Publishing and maintaining a large directory structure

I have a process that’s producing a new file every minute, and I’d like to make all of these files available over IPFS. In particular, I’d like the entire set of files to be easily accessible to anyone.

When these files are produced, I organize them into a tree structure of Year-Month-Day-Hour hierarchical directories with 60 minute files in the Hour directory. Over the course of a year, I’ll produce a few hundred thousand files that are organized in this way.

To make all of this available over IPFS, I assume that I can simply use IPNS on the top node (e.g. the Year directory). If I update this every time I add a new file (every minute), everything should be available and always up to date.

So my question is: Is this the right way to do this? It seems to me that to hash the topmost node, hashes for a few hundred thousand files will need to be calculated which doesn’t seem so efficient. Is there a better way to do this?

1 Like

That should be no problem whatsoever, as long as there are not too many children at one level, which won’t be the case with your chosen directory structure.

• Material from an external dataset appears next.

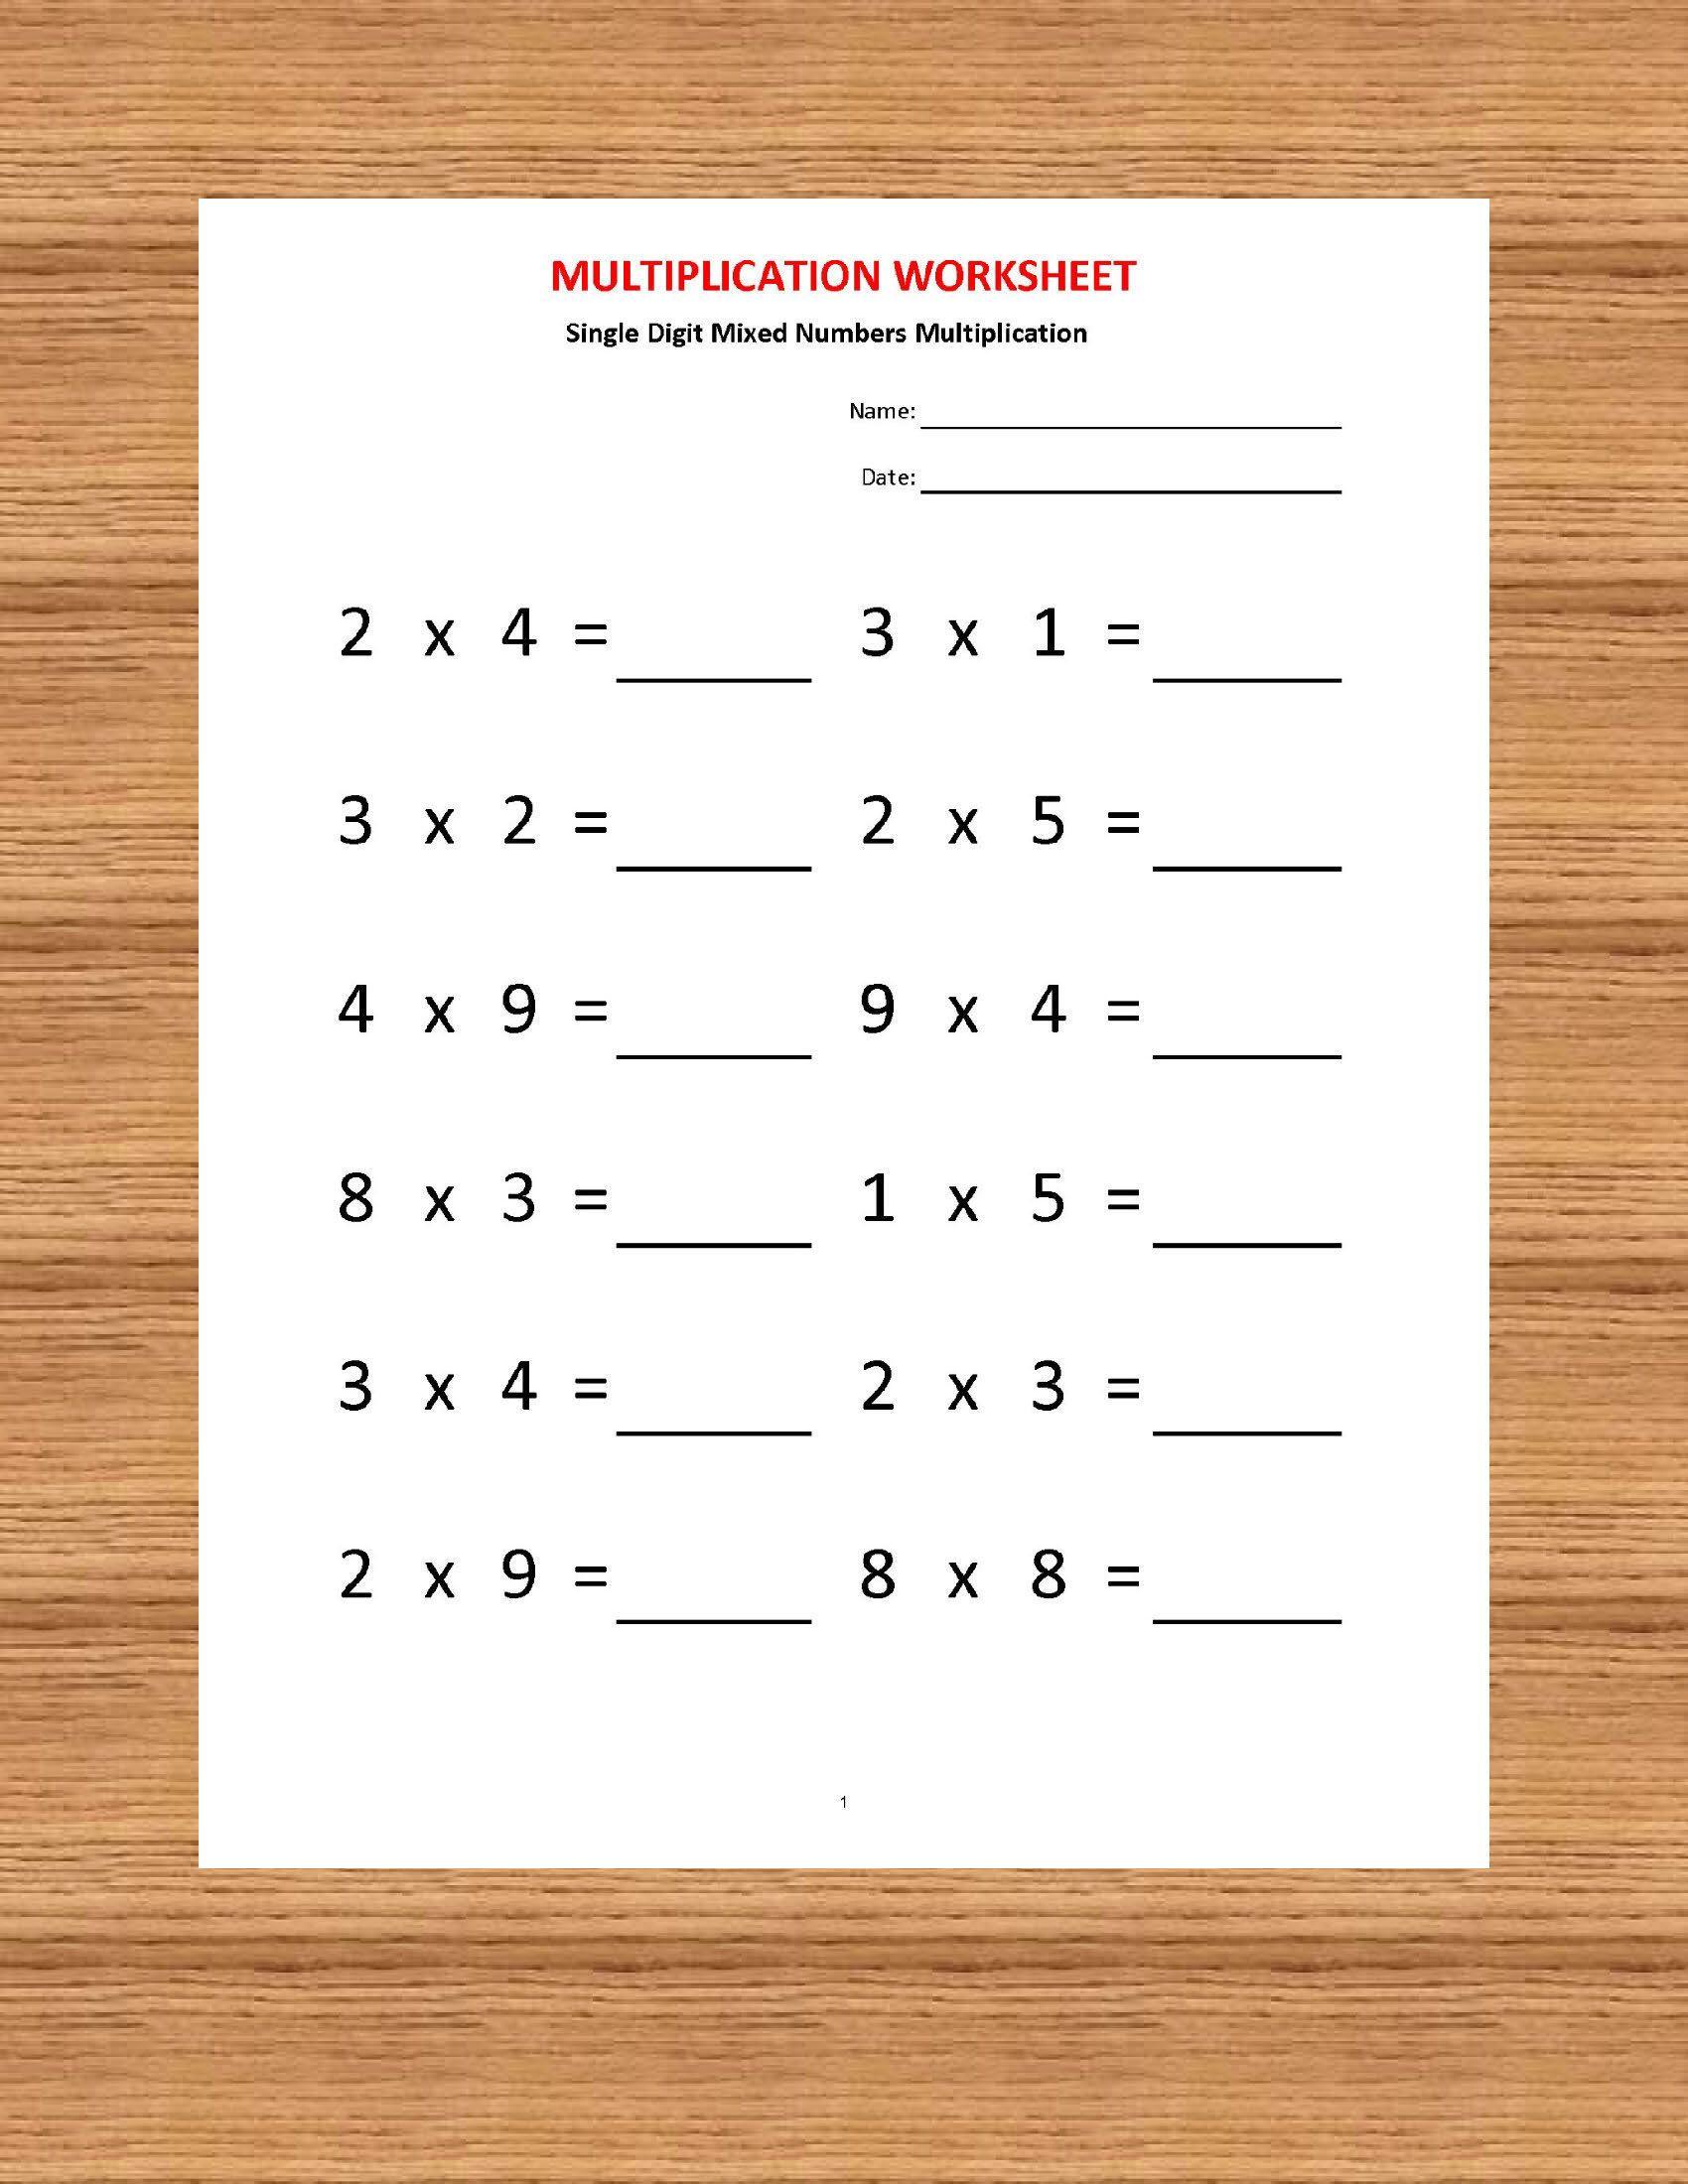 Best Worksheets For Kids Page 8 | Worksheets Ideas

That’s not how it works. In a merkle dag, the hash of a branch is computed by hashing the hashes of the children. So even if you have a very large hierarchical structure, the effort for computing the new root hash is tolerable. It is usually dominated by the effort for hashing the new content, which has to be done anyway to add it to ipfs.

Hint for doing this: the ipfs object patch command is what you want. Basically, you start with an empty directory, and then use object patch add-link -p -- <current> <path> <value>, where current is the hash of the current directory, path is a / separated path, and value is the hash of the new entry (file or directory). In your case path would be e.g. ‘2018/06/01/19’.

The command produces a new directory and returns the hash of that. You need to persist it somewhere. The usual recommendation is to use IPNS, but an alternative is to just directly update a dns record. At actyx.io , we found using DNS (aws route53) more reliable than IPNS. YMMV.